Montreal students, aspiring teachers blast Quebec’s secularism bill in school walkout
Montreal students and teachers took to the streets as opposition grows to the Quebec government’s proposed religious symbols ban one week after it was tabled.
A crowd gathered outside of Pierrefonds Comprehensive High School early Friday afternoon, with many teenagers donning hijabs in protest. Grade 11 student Layla Saadi said she and her fellow classmates don’t support the Coalition Avenir Québec government’s secularism bill.
“It’s disgusting,” said Saadi. “It shouldn’t be put in place in a democracy.”
Bill 21 would bar Quebec civil servants in positions of authority from wearing religious symbols in the workplace. The sweeping ban would apply to teachers, police officers and judges among others.
While the proposed legislation includes a grandfather clause that would exempt current employees who wear religious garb from the ban, aspiring teachers would have to abide by it.
Zeinab Daher was celebrating her last day of her internship as a student teacher. After four years of studying, she is on the cusp of graduating university — but she worries her aspirations will be dashed by the province’s plan.
“I might have to reconsider my career and I don’t want to do this,” she said.
Standing outside of the school, Daher said she wants Quebecers to know what’s unfolding in the wake of the proposed legislation. While she said she not surprised by the bill, she feels let down by the province.

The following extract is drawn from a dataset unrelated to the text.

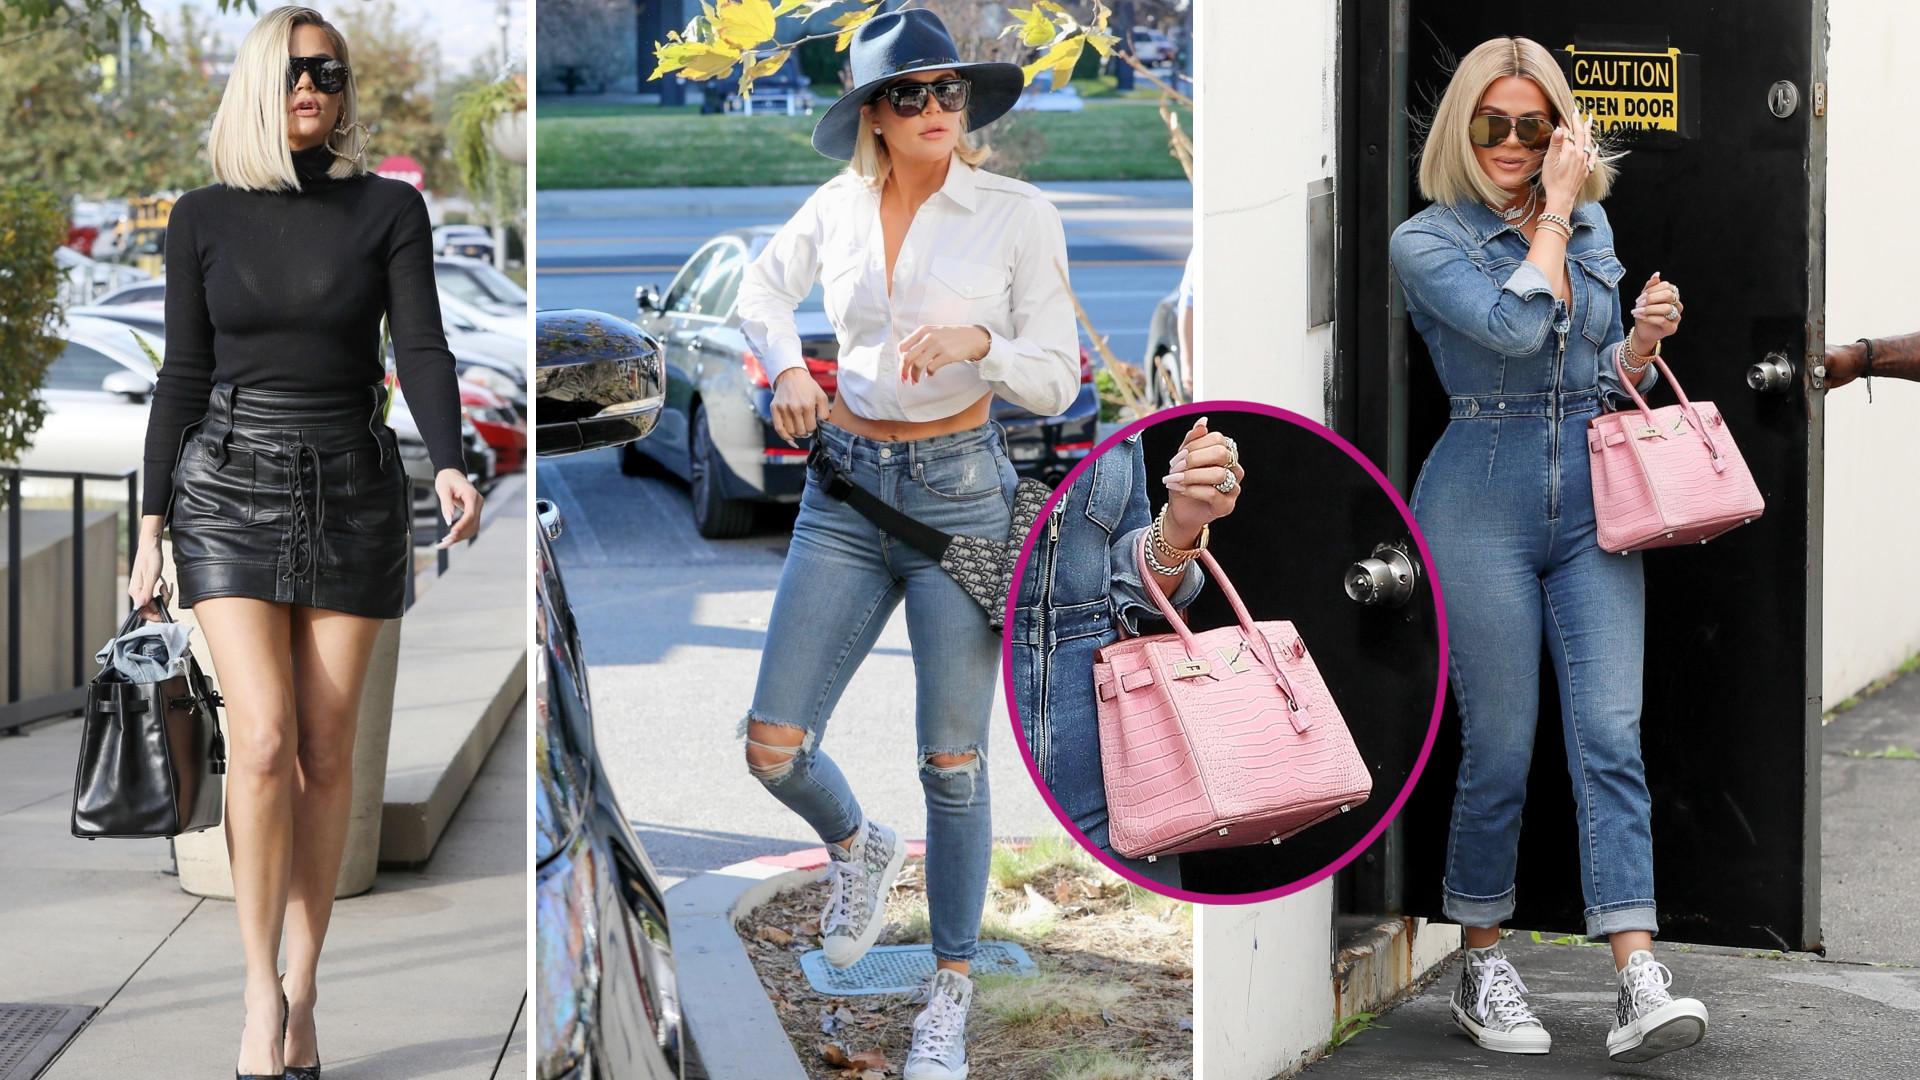 Khloe Kardashian – seksowny styl celebrytki (ZDJĘCIA)
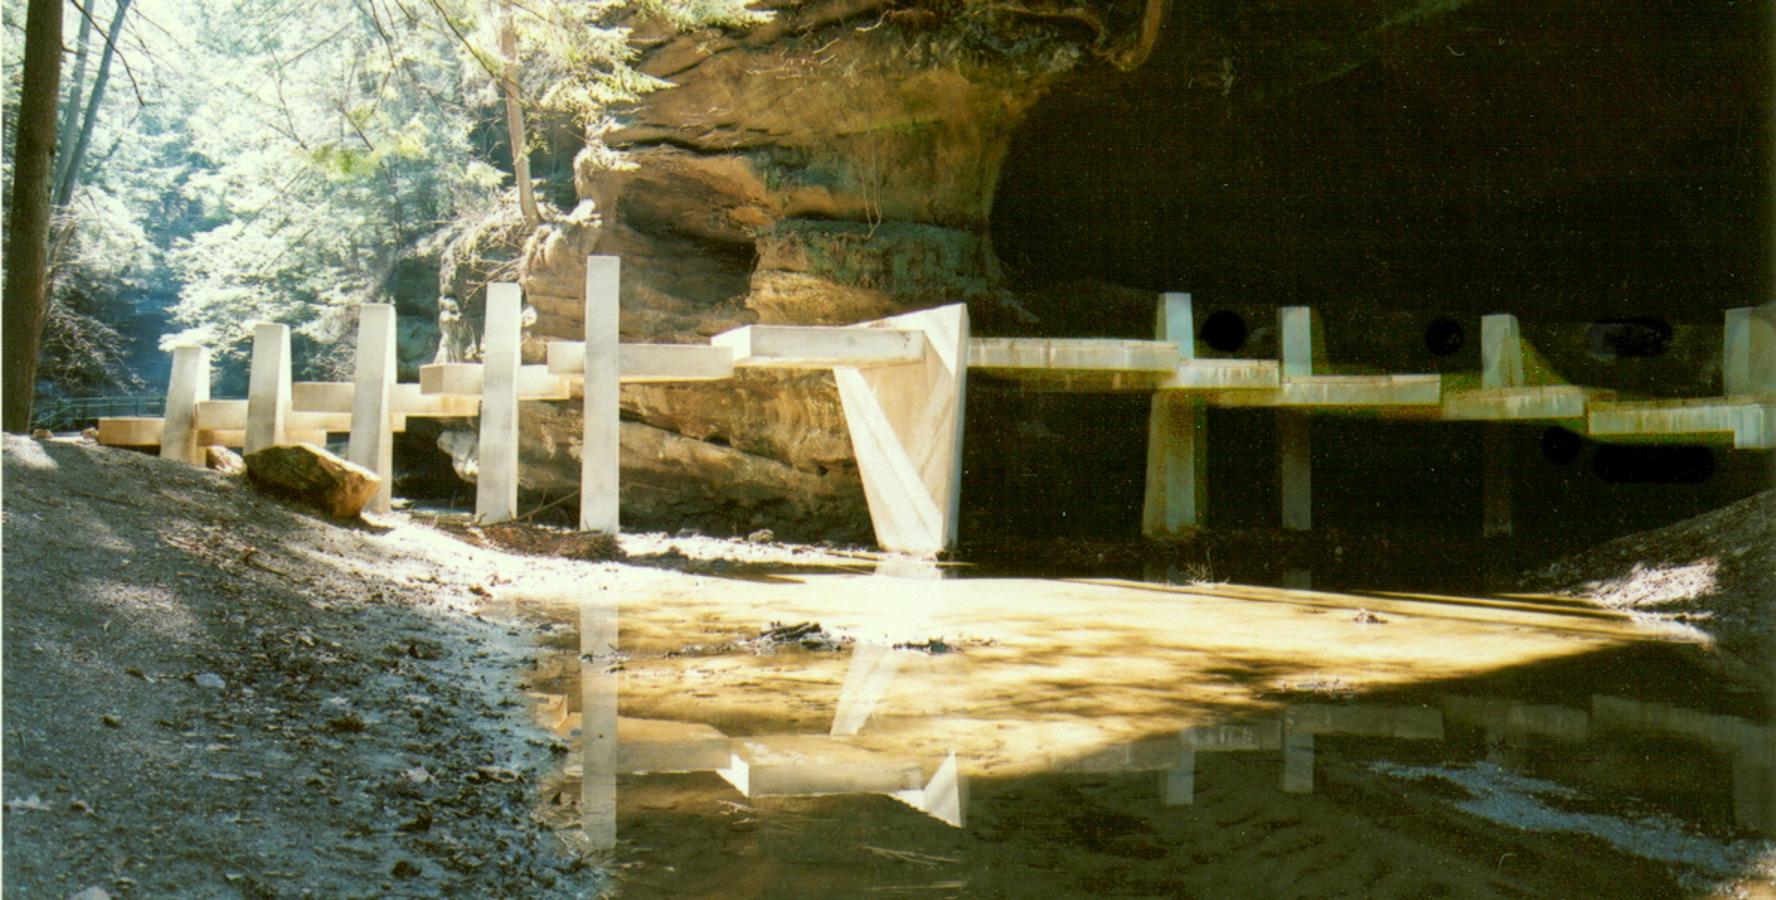 Old Mans Cave at Hocking Hills State Park

“It’s not because I’m wearing a veil that I’m not a good teacher or that I can’t teach my students,” she argued.
The demonstration took place as a coalition of political leaders from different levels of government denounced Bill 21. They called for Quebecers opposed to secularism plan to join them in an April 14 protest.
The elected officials told a crowd of reporters they hope to defeat the bill, a sentiment that was echoed by a teacher who joined her students in the walkout in Pierrefonds.
“I hope it shows Mr. Legault and his government that the future generations are opposed to this,” said Rawan Moudarres. “They know that we are entitled to our freedoms and we are entitled to our rights. I hope this is a clear message to him.”
Students like Saadi said they have their own message for Premier François Legault about Bill 21.
“We’re the next set of voters so if you’re going to put it in place, it’s not going to last long,” she said.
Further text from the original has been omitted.